Perl 6's grammar is now pretty much fleshed out, but it's hard to get at from within. This makes tools like code formatters, coverage and analysis tools hard to put together.

This module aims to fix that.

As such, it is very much a work in progress. At the moment I'm working on covering the grammar rules. The code is very paranoid, for good reason, as it relies on the underlying match tree, in the murky area of NQP, or /Not Quite Perl/. It's pretty stable, but slow and relentlessly checks the details of the match object.

It comes with a single tool, examples/perl6-dumper. Run this tool on a Perl 6 source file, and with any luck you'll get back a detailed syntax tree, like the following:

Document
        Statement (line 7095)
                Bareword ("use") (0-3) (line 7286)
                WS (" ") (3-4) (line 6537)
                Bareword ("MONKEY-SEE-NO-EVAL") (4-22) (line 3775)
                Semicolon (22-23) (line 5017)
        Statement (line 7095)
		...
                Operator::Circumfix (75-81) (line 1911)
                        Balanced::Enter ("(") (75-76) (line 1911)
                        Number::Decimal (1) (76-77) (line 3406)
                        Operator::Infix ("..") (77-79) (line 3209)
                        Number::Decimal (9) (79-80) (line 3406)
                        Balanced::Exit (")") (80-81) (line 1911)

This is an absurdly detailed breakdown of every character in your Perl 6 source file, and it deserves a bit of explanation.

The module is designed with the following principles in mind:

* Each glyph, including WS, comments and POD, is part of exactly one token.
* Tokens must never overlap.
* Tokens must always abut one another.

(Here-docs of course break all of these rules, but they're accounted for.)

In a typical Perl6:: dump, here's what you'll see:

* Document - The root of the Perl 6 source tree.
* Statement - `my $a = 1;', `class foo {...}' and so on.
* Bareword - Terms such as `my', `use', `class'.
* WS - Whitespace
* Operator::Circumfix - Function signatures, lists, lots of things.
* Balanced::{Enter,Exit}
    * Blocks and circumfix operators generally have balanced delimiters.
    * `Balanced::Enter' is used for the start, ::Exit for the end.
* Number::Decimal - Decimal values.
    * `Number' is their parent class, so you can just check against
       $x ~~ Perl6::Number if you don't care what base it's in.

Whitespace, semicolons and braces also belong to a generic `Structure' category so you can ignore those if you want to.

What do all the '(...)' mean? And why are there G and WS cluttering up the far left side of the display?

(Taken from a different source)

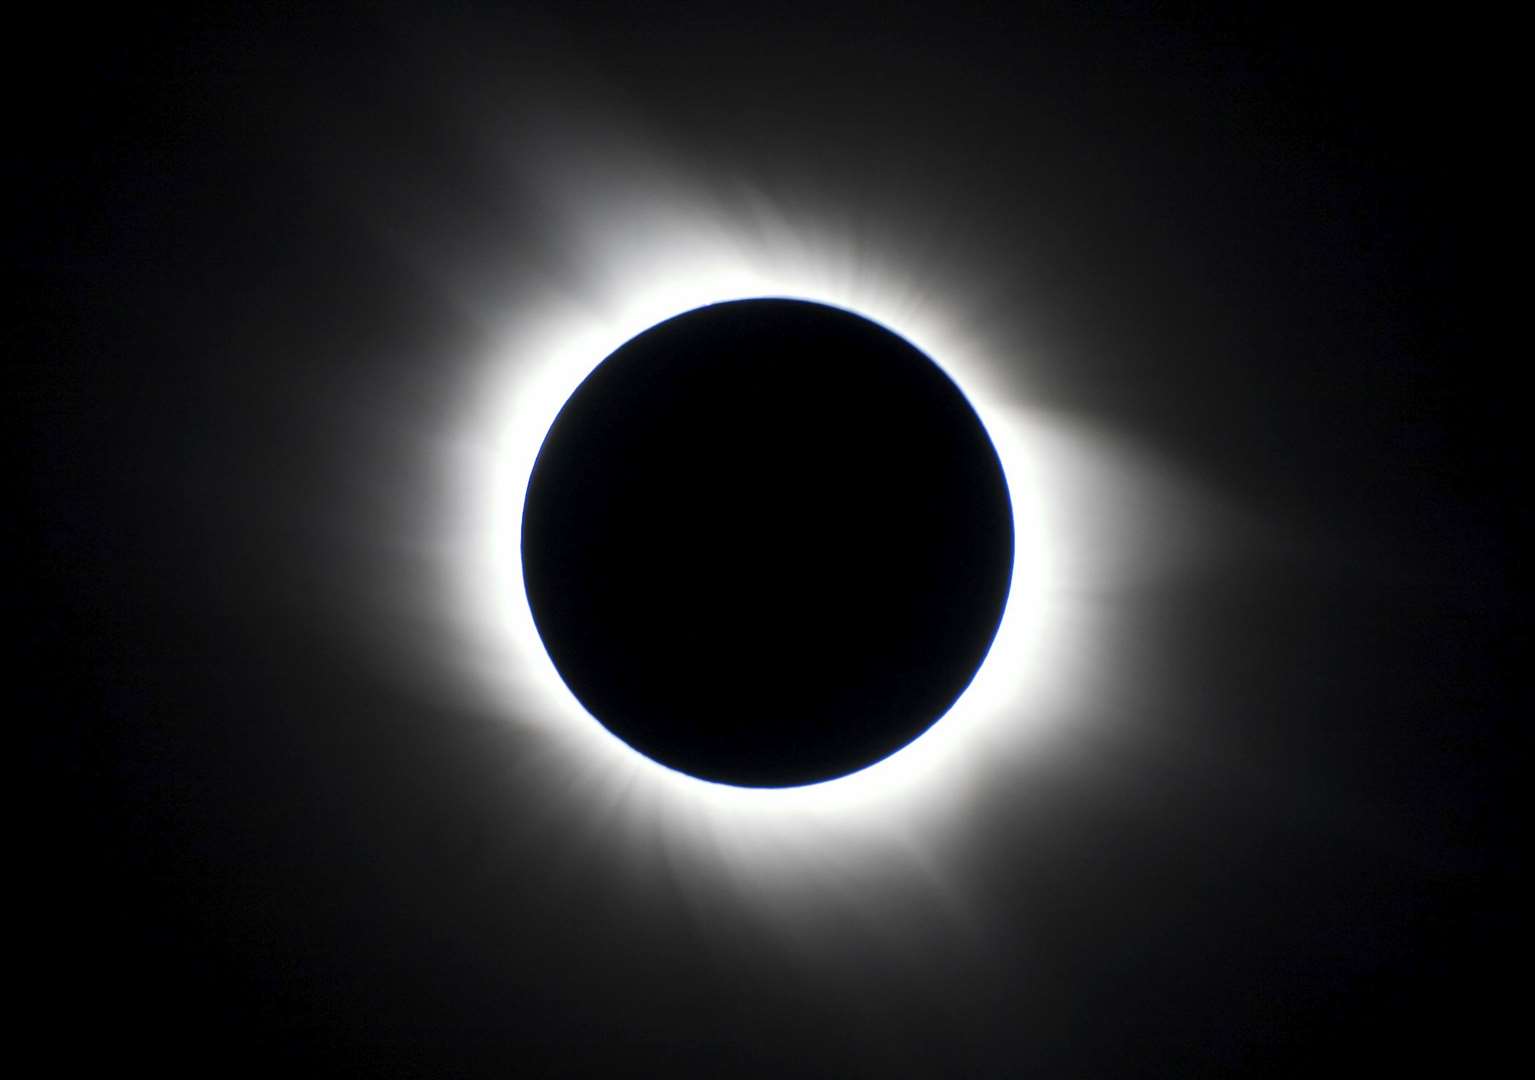 The total eclipse was dramatic - and most of us will never see its like again

Well, I'm glad you asked.

* ("use") is the actual text of the bareword, string or variable name.
* (75-76) is the start and end glyph (not character) of the token.
* (line 3406) is the line where this object was created.

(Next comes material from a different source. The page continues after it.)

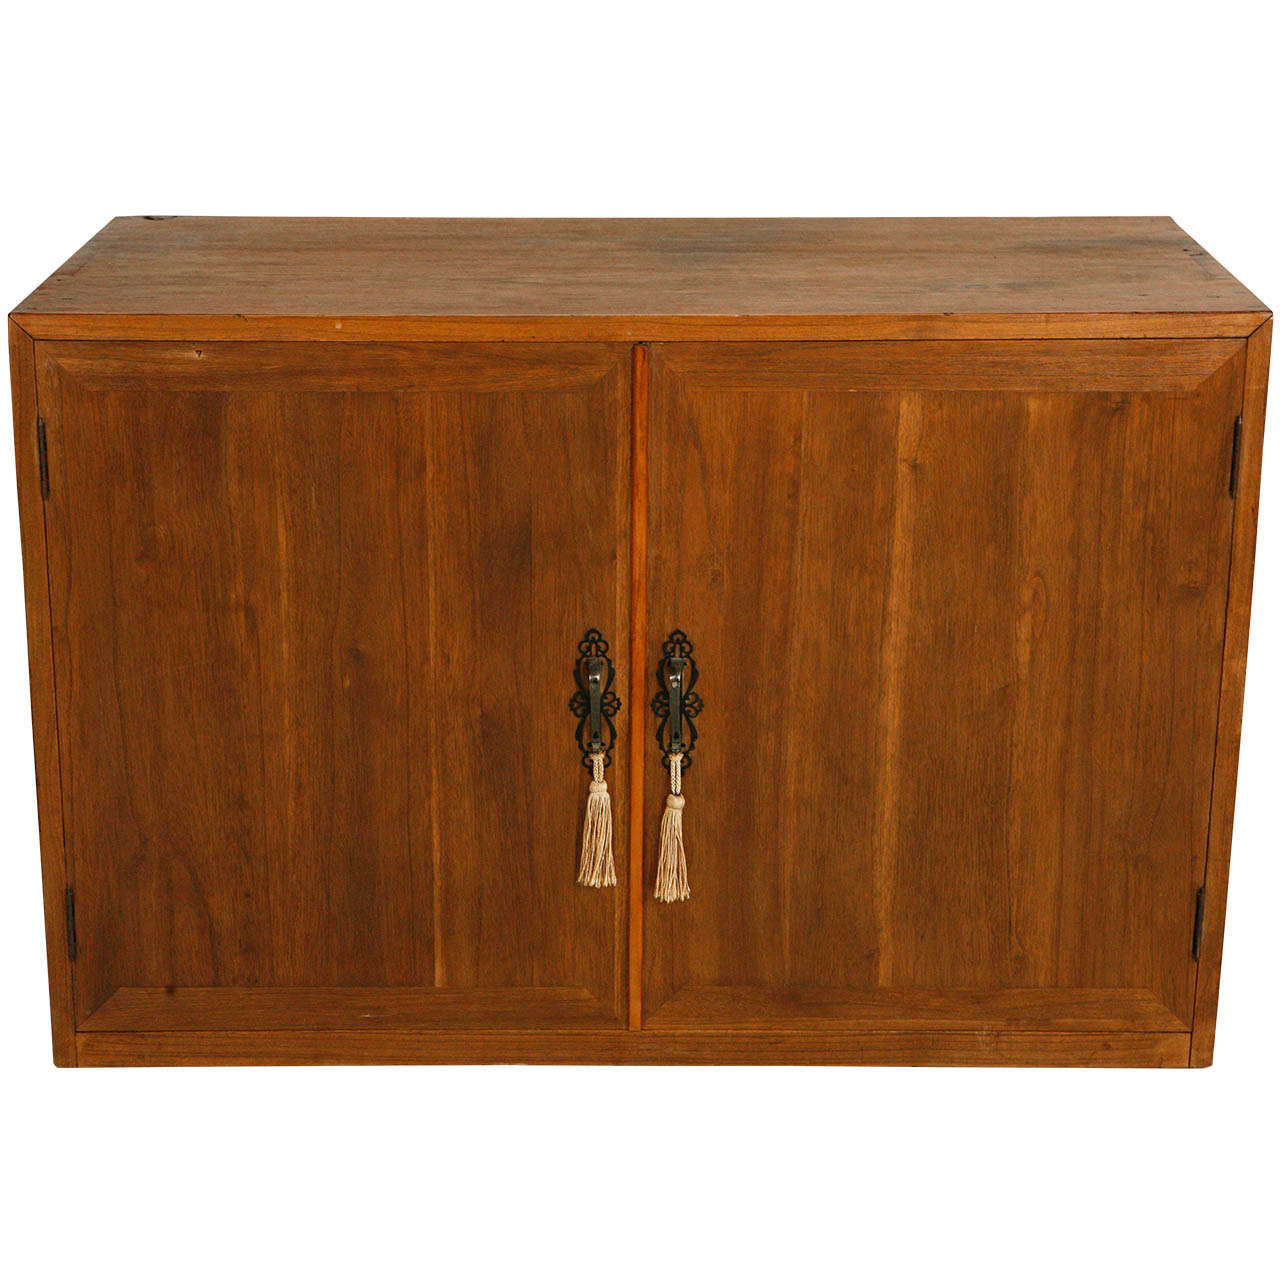 Japanese Tansu with Five Interior Sliding Drawers

* 'G' on the left means there's a gap between the end of token N and the start of token N+1.
    * This should not happen, and is a bug.
* 'WS' on the left means that either a Whitespace token has non-WS, or a non-Whitespace token (strings excepted) has whitespace.
* '' means either:
    * A null token (start == end, shouldn't happen)
    * A token (for example) spanning (76-78) doesn't have (78-76=2) glyphs.

These are mainly debugging aids, as for performance reasons the entire parser core is a single large class. If you'd like to know my reasoning, please ask directly; but the TL;DR is that NQPMatch objects and regular Perl 6 objects don't play nicely.

In essence, I can take this tool, run it over a source file, and when it breaks I've got a good idea of where the problem happens. This parser contains waterbed problems on top of waterbed problems - The type where you refactor one bit of code from where it is to a higher level, and find out you've broken code 5 tokens before the change.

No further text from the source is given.